Rapporti di lavoro

Per la Cassazione gli addetti ai call center sono lavoratori subordinati

di Carmine Santoro

L'addetto al call center, che osserva un orario fisso di lavoro per cinque giorni a settimana dietro percezione di un compenso mensile, è un lavoratore subordinato a tutti gli effetti. Questo il principio di diritto ricavabile dalla sentenza 8 gennaio 2015, n. 66 della Suprema Corte di Cassazione.

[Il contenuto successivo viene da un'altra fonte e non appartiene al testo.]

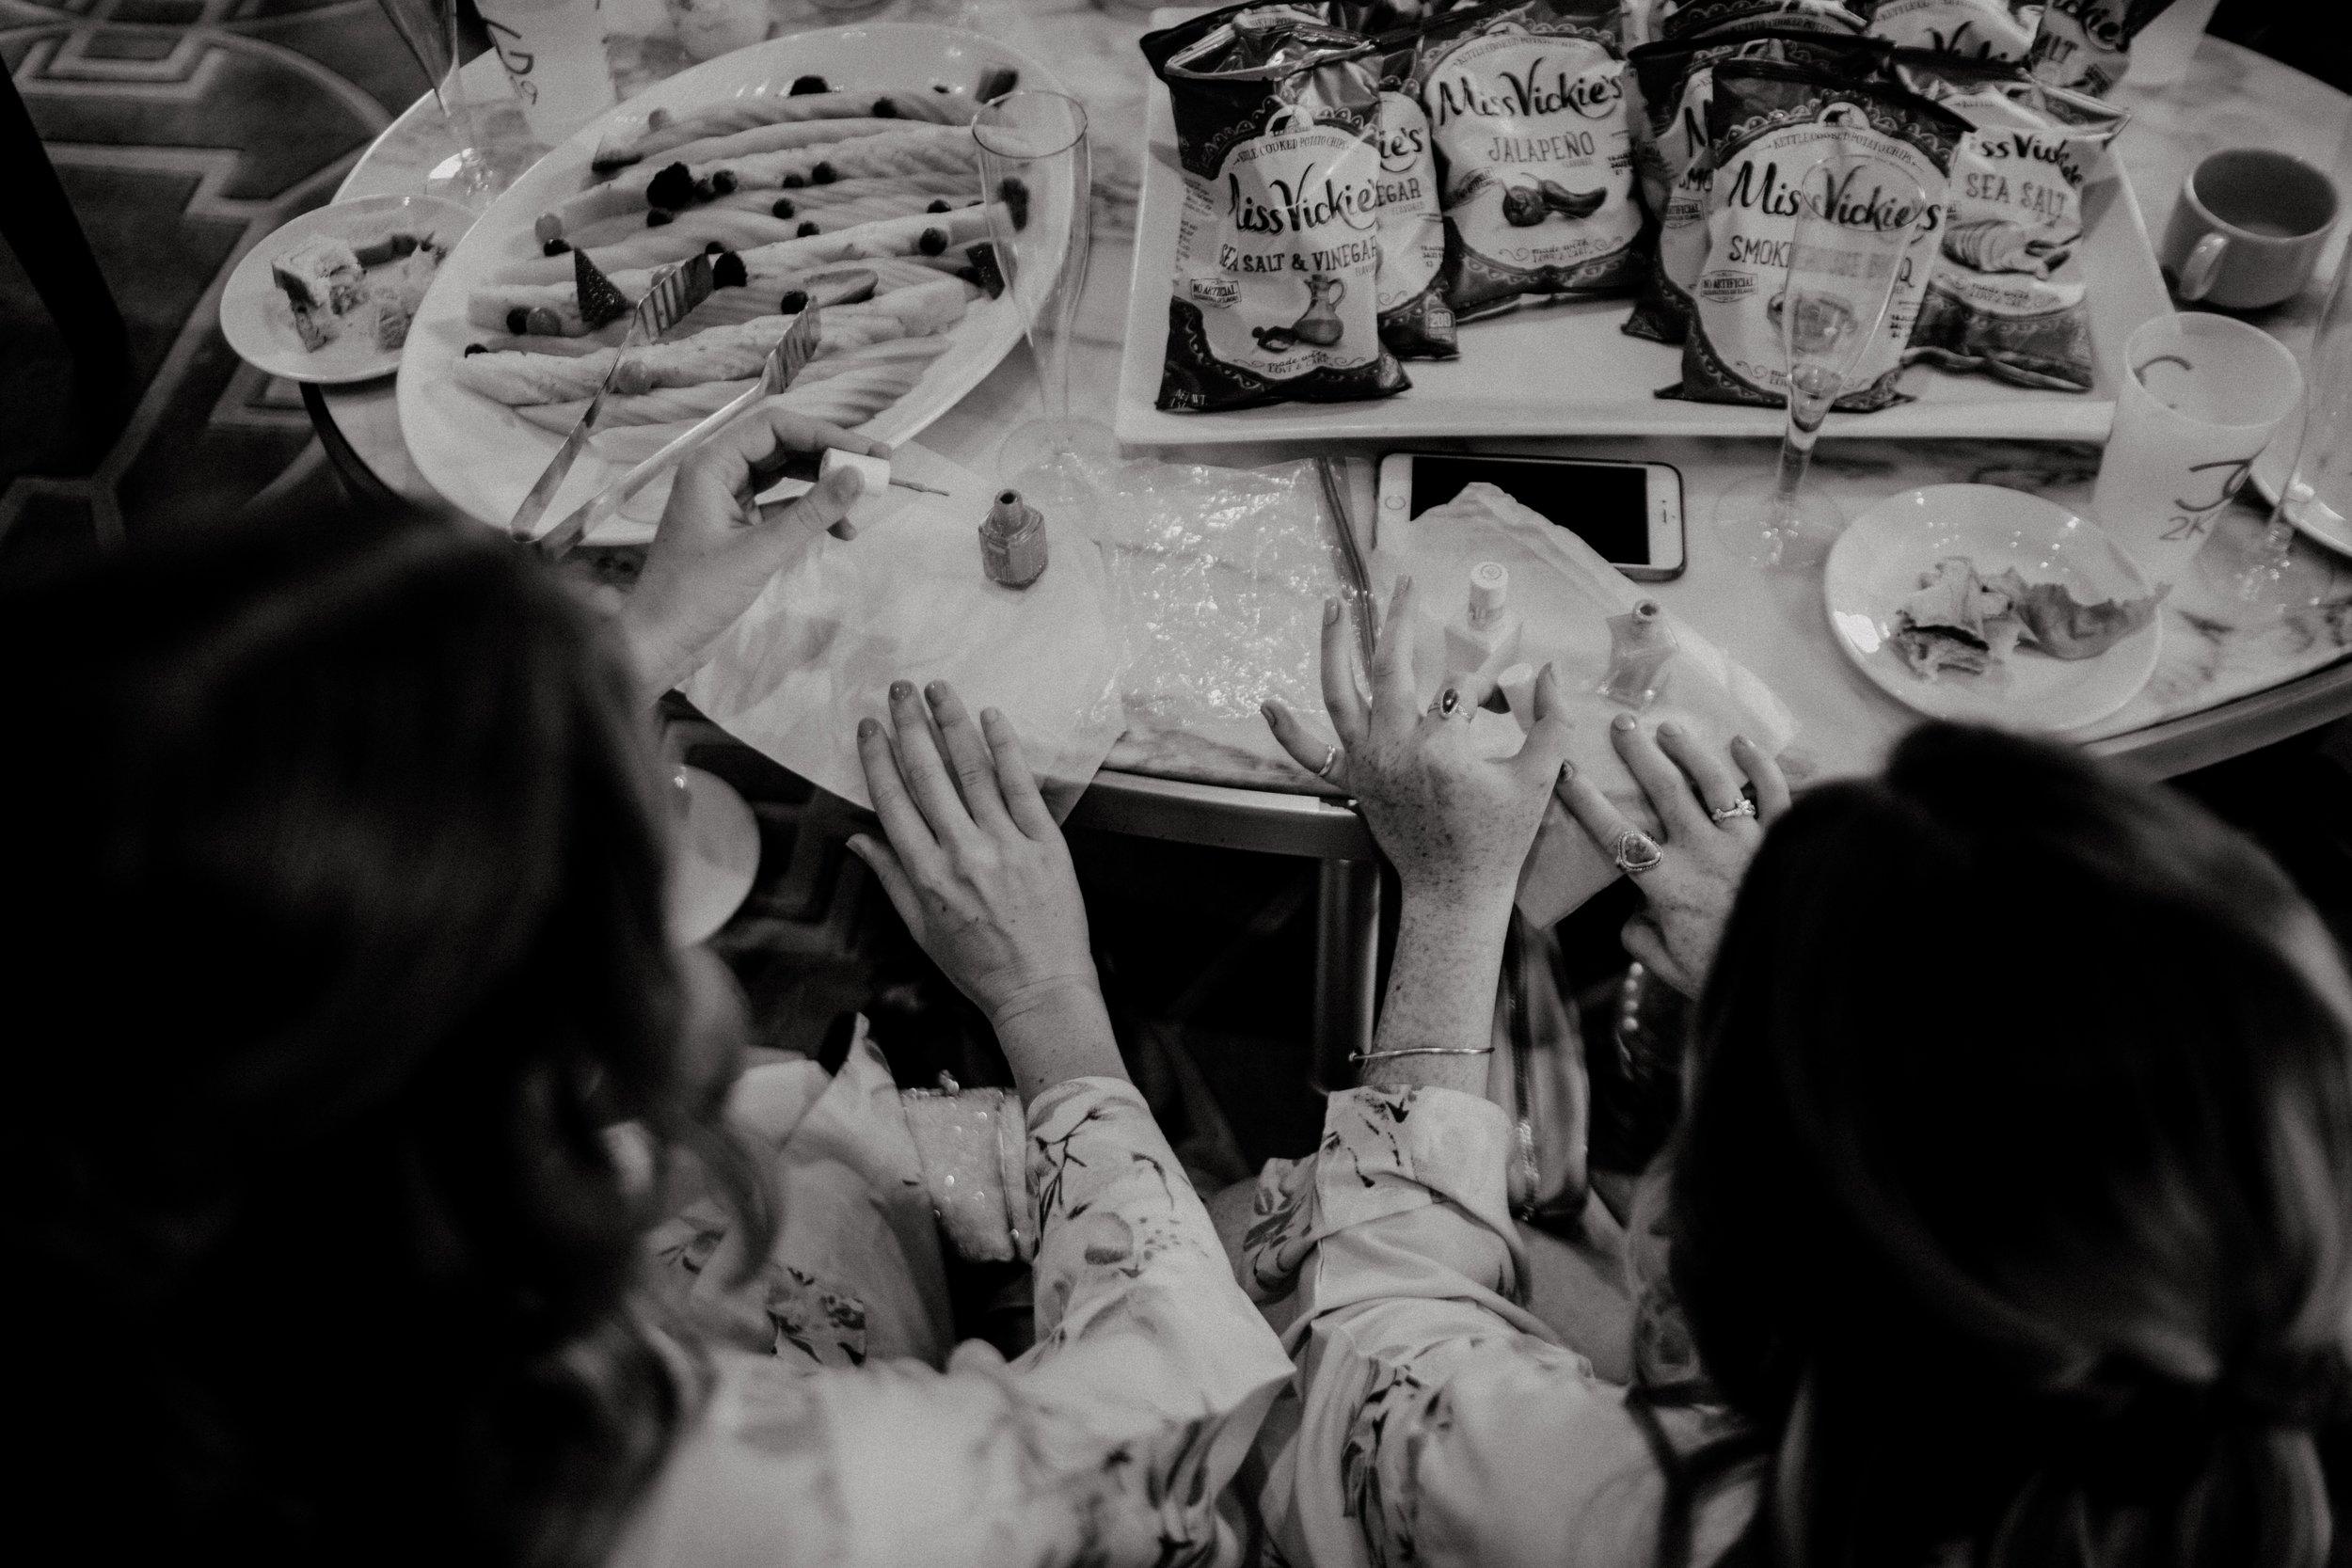 st-anthony-hotel-wedding-photography-10004san-antonio.JPG

Una lavoratrice addetta a un call center ricorreva in giudizio per vedersi riconosciuta la qualità di prestatore subordinato, avendo osservato, nel corso del rapporto un orario di lavoro di 4 ore al giorno per 5 giorni alla settimana, a fronte di retribuzione fissa mensile. Il giudice di merito riteneva insufficienti tali elementi a dimostrare la sussistenza di un rapporto di lavoro subordinato e, pertanto, respingeva la domanda della lavoratrice.

I giudici di legittimità ritengono erronea la decisione sul punto. Secondo la Suprema Corte gli indici descritti costituiscono un quadro indiziario che i giudici di merito avrebbero dovuto valutare - ciò che hanno del tutto omesso di fare - nonché approfondire in sede istruttoria. In luogo di tale verifica, la Corte osserva che essi si sono limitati all'affermazione apodittica dell'irrilevanza di tali circostanze di fatto solo perché non riproducono testualmente i noti caratteri della subordinazione quali la sottoposizione al potere gerarchico e disciplinare, che al contrario ben si possono desumere, secondo costante giurisprudenza della Cassazione, proprio dalle concrete modalità di svolgimento della prestazione lavorativa (cfr., da ultimo, Cass. n. 4524/11).

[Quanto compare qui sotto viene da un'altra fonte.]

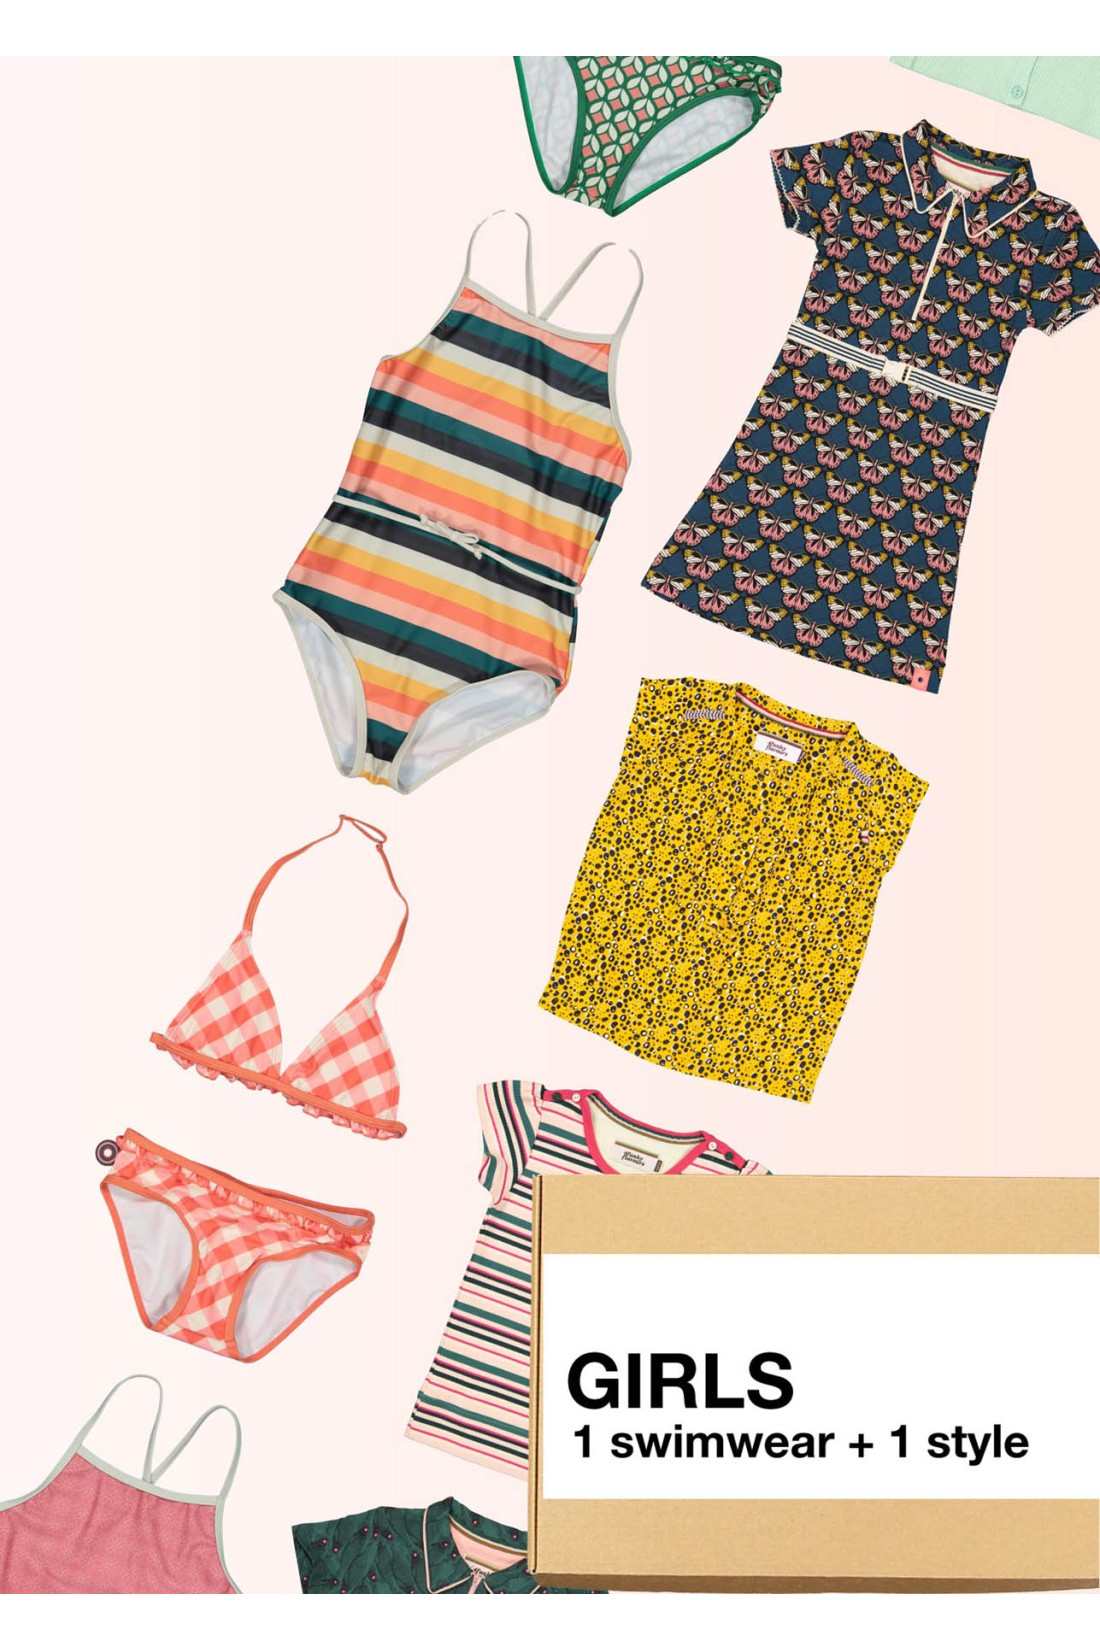 Surprise Box Girl - Summer Holiday Box - Swimwear + Extra Style

La Corte, in definitiva, aderisce al recente orientamento di legittimità che sostiene la rilevanza indiretta degli indici di subordinazione a provare il fondamentale requisito dell'eterodirezione. In questa visione, la sottoposizione del lavoratore al potere direttivo del datore- pur in assenza di prove dirette di ordini, controlli e sanzioni disciplinari- è desumibile dagli indici secondari i quali, valutati complessivamente, attestano la subordinazione delle prestazioni. Un altro orientamento, cui aderiscono i giudici di merito, ritiene, invece, necessaria la prova diretta della sussistenza del potere direttivo e disciplinare, che non può essere surrogata ma solo supportata dagli indici sussidiari.